En mi mente, cuatro cifras gruesas de color verde neón caen en el parquet de madera de verdad: el 2, el 1, el 4 y el 5. Una cosa está clara: no estamos hablando de precios reducidos.
2.145 euros. Más o menos.
Por supuesto, pierdo el tranvía y tengo que coger el de las 8:56. Pesco un sitio junto a una persona, supuestamente de género femenino, con pantalones elásticos.
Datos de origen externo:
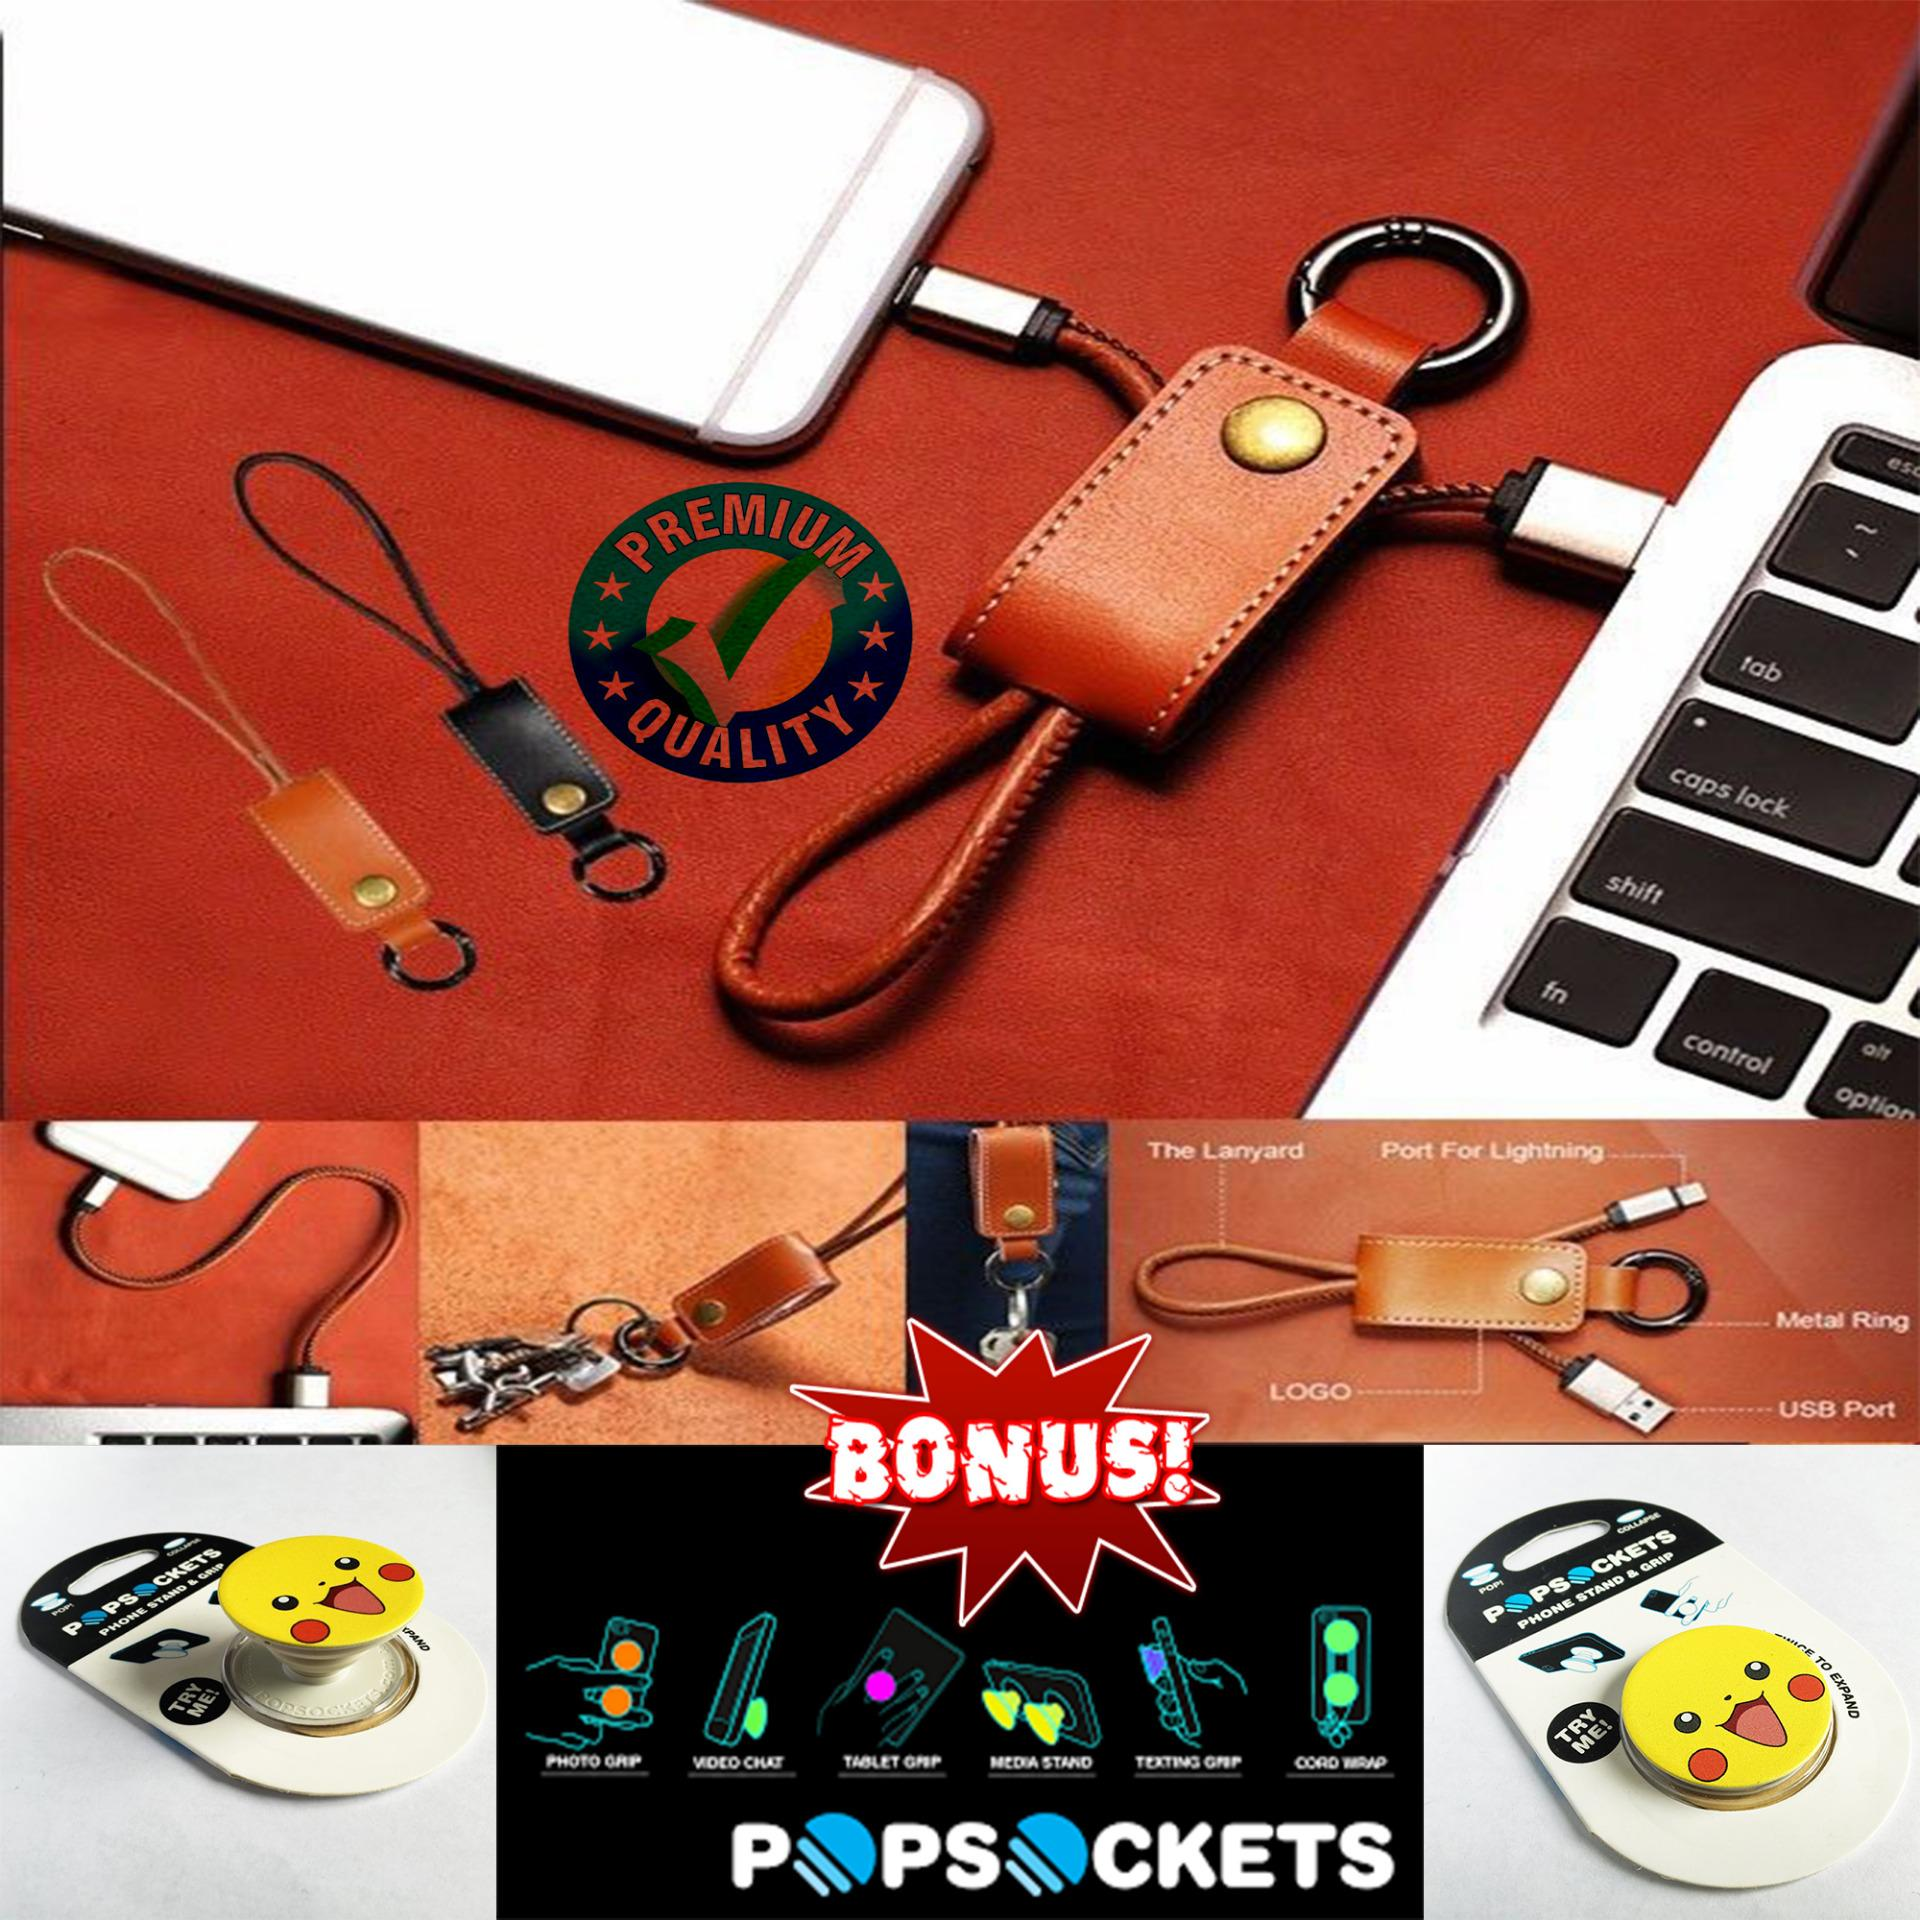 Trend's Kabel Data Micro Usb / Kabel Charger / Gantungan Kunci / Key Chain Leather Usb Data Charger Cable - Hitam + Gratis Pop Socket / Stand Grip Smartphone

2.145 euros. ¡Más o menos!
Ni siquiera mi amigo Phil podría permitirse ese piso, y eso que es el director de la empresa. No es que esté celoso ni nada de eso, en ese caso querría tener la misma cantidad de dinero, y no quiero porque los ricos tampoco son felices, como los pobres. Solo hay que ver a Dieter Bohlen, uno de esos dos que formaban Modern Talkin. ¿Alguien puede explicarme qué ha hecho con toda esa pasta? No paran de tirarle cosas a la cara inútiles adictos a los castings que no saben cantar, y su casa sufre más asaltos que un convoy estadounidense en Irak.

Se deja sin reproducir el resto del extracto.